1,30,40,45,50,55 金属材の溶接装置
4,44,54 ローラ電極
5 浮遊インダクタンス
6,46 低周波電源
7 整合コンデンサ
8,48 高周波電源
9 ワーク(鋼板)
9A 四角形内部
9B リング状領域
10 電源部
11,42,43,52,53 通電制御部
12 商用電源
13 高周波電流阻止インダクタンス
16 溶接トランス
18,49 発振器
20 整合トランス
22 高周波電流
24 低周波電流
25 ナゲット
26 直流電流
36 直流電源

Claims (7)

  1. 第1ワークと第2ワークとの重ね合わせ部分をシーム溶接する溶接方法であって、
    一対のローラ電極により上記重ね合わせ部分を挟んで、上記一対のローラ電極間に直流又は第1の周波数の電力を印加して上記重ね合わせ部分の所定領域を加熱すると共に、上記一対のローラ電極間に該第1の周波数とは異なる第2の周波数の電力を印加して上記所定領域の周縁領域を加熱することで、上記第1ワークと第2ワークとを溶接することを特徴とする、金属材の溶接方法。

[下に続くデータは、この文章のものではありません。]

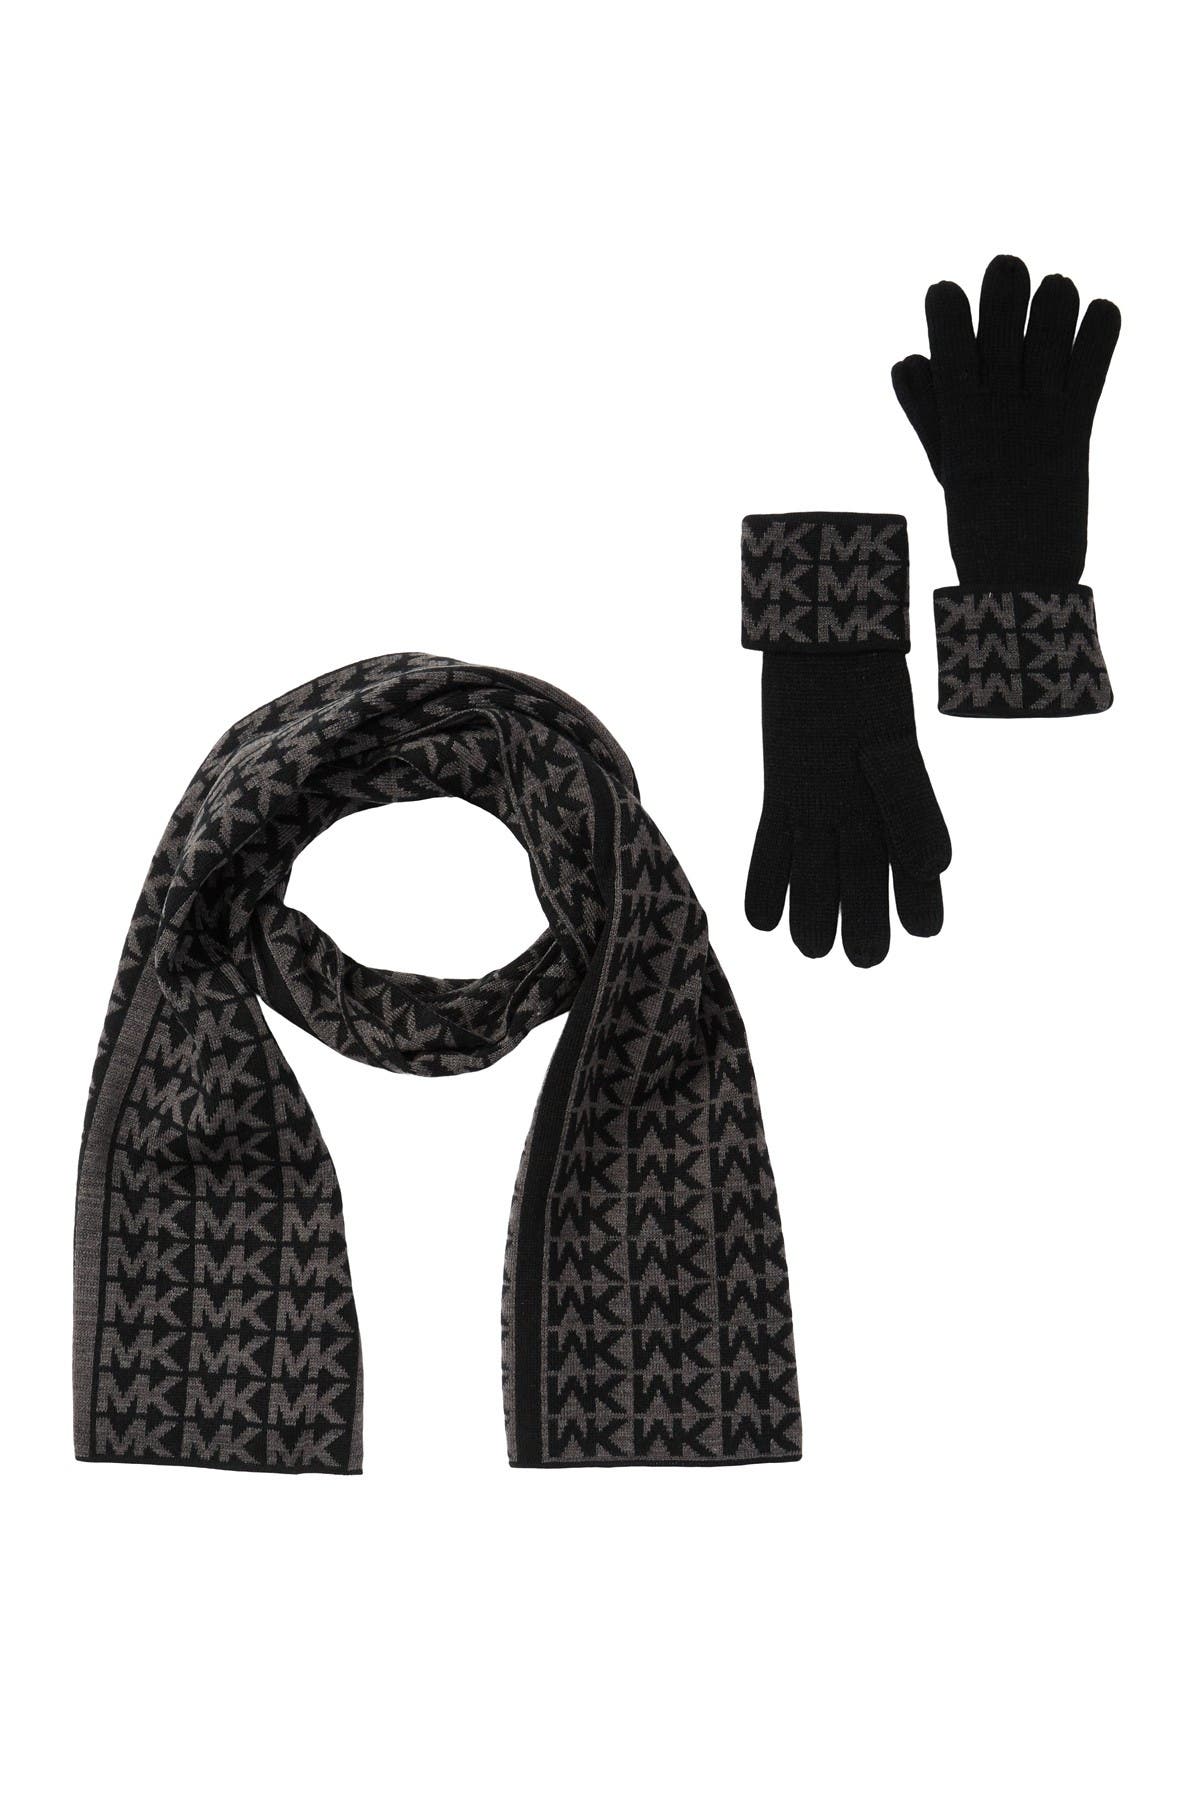 michael kors gloves and scarf set

  2. 第1ワークと第2ワークとの重ね合わせ部分をシーム溶接する溶接方法であって、
    一対の第1ローラ電極と、当該一対の第1ローラ電極から離れた位置で上記重ね合わせ部分を挟む一対の第2ローラ電極とにより上記重ね合わせ部分を挟んで、
    上記一対の第1ローラ電極間に直流又は第1の周波数の電力を印加して上記重ね合わせ部分の所定領域を加熱し、
    上記一対の第2ローラ電極間に上記第1の周波数とは異なる第2の周波数の電力を印加して上記重ね合わせ部分を加熱することで、上記第1ワークと第2ワークとを溶接することを特徴とする、金属材の溶接方法。

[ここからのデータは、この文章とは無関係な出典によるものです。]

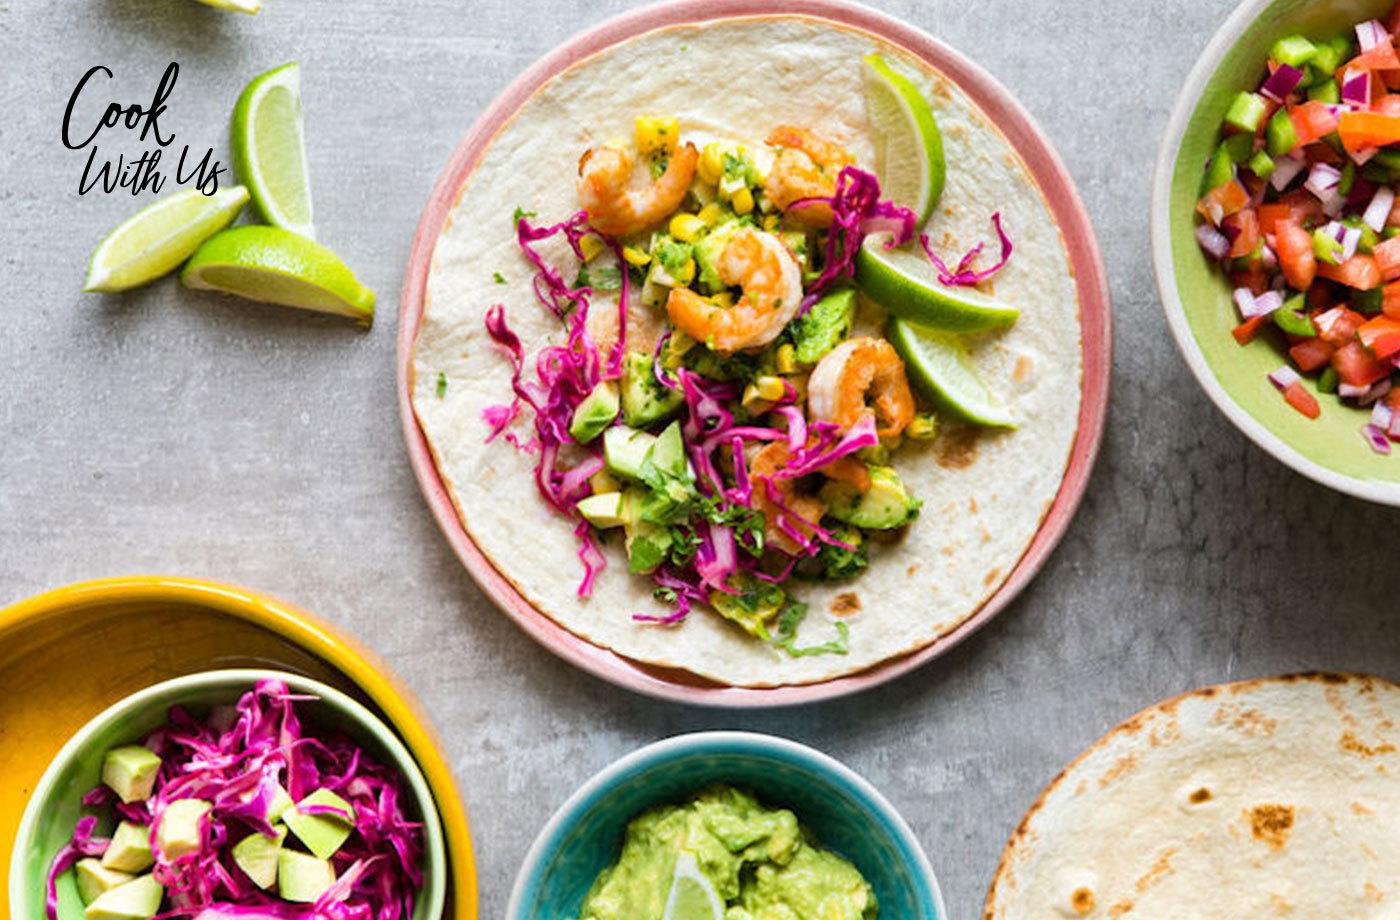 dinner meal plan shrimp tacos with salsa and cabbage on tortilla

  3. 前記一対の第2ローラ電極を、前記一対の第1ローラ電極の溶接進行方向の下流側へ離れた位置に設け、
    前記一対の第2ローラ電極間に前記第2の周波数を印加して前記重ね合わせ部分を予熱し、
    前記一対の第1ローラ電極間に前記第1の周波数に重畳して該第1の周波数と異なる第2の周波数の電力を印加して本加熱することを特徴とする、請求項2に記載の金属材の溶接方法。
  4. 前記一対の第2ローラ電極を、前記一対の第1ローラ電極の溶接進行方向の上流側へ離れた位置に設け、
    前記一対の第1ローラ電極間に第1の周波数の電力を印加して本加熱し、
    上記本加熱の後で、前記一対の第2ローラ電極間に前記第2の周波数を印加して前記重ね合わせ部分の加熱を行うことを特徴とする、請求項3に記載の金属材の溶接方法。

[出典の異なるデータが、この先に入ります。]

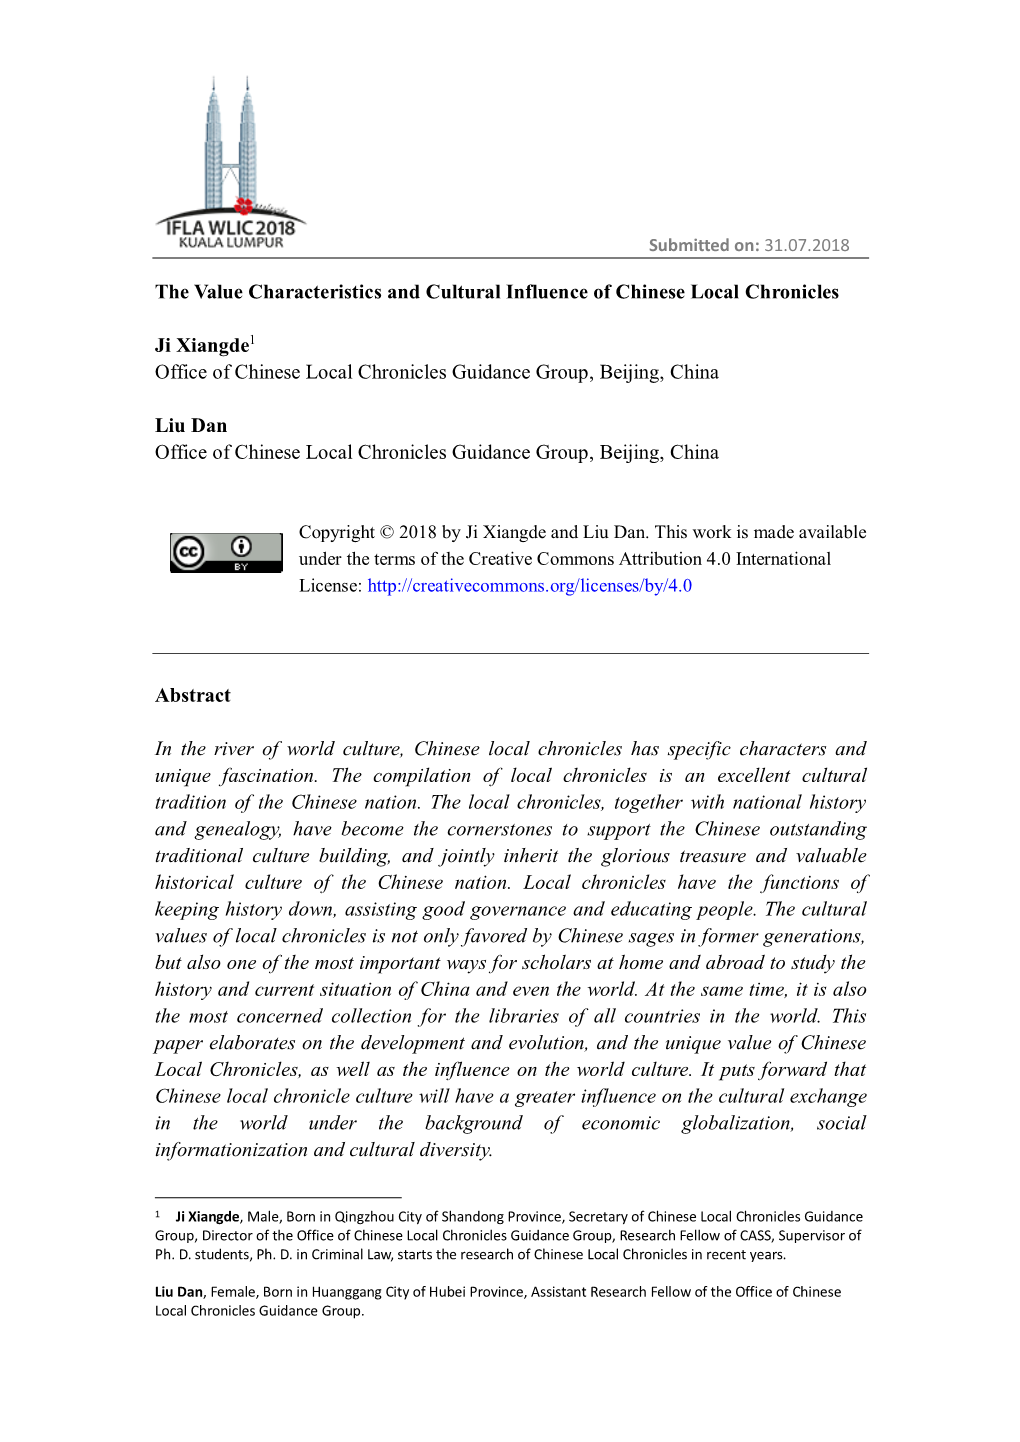 The Value Characteristics and Cultural Influence of Chinese Local Chronicles

  5. 前記一対の第2ローラ電極間に、前記第2の周波数に重畳して前記第1の周波数も印加することを特徴とする、請求項4に記載の金属材の溶接方法。
  6. 第1ワークと第2ワークとの重ね合わせ部分をシーム溶接する金属材の溶接方法であって、
    一対の第1ローラ電極により上記重ね合わせ部分を挟んで、一対の第1ローラ電極間に直流又は第1の周波数の電力を印加して上記重ね合わせ部分の所定領域を加熱すると共に、上記一対の第1ローラ電極により該第1の周波数と異なる第2の周波数の電力によって上記所定領域の周縁領域を加熱し、
    上記一対の第1ローラ電極の中の一方のローラ電極と、該一方の第1ローラ電極から離れた位置で同一面上を転動する少なくとも1個の第2ローラ電極と、の間に第1の周波数とは異なる第2の周波数を印加して上記重ね合わせ部分の予熱又は後熱を行い、上記第1ワークと第2ワークとを溶接することを特徴とする、金属材の溶接方法。
  7. 前記第2の周波数を前記第1の周波数よりも高くし、該第2の周波数の電力によって前記所定領域の周縁領域を加熱することを特徴とする、請求項1,2,6の何れかに記載の金属材の溶接方法。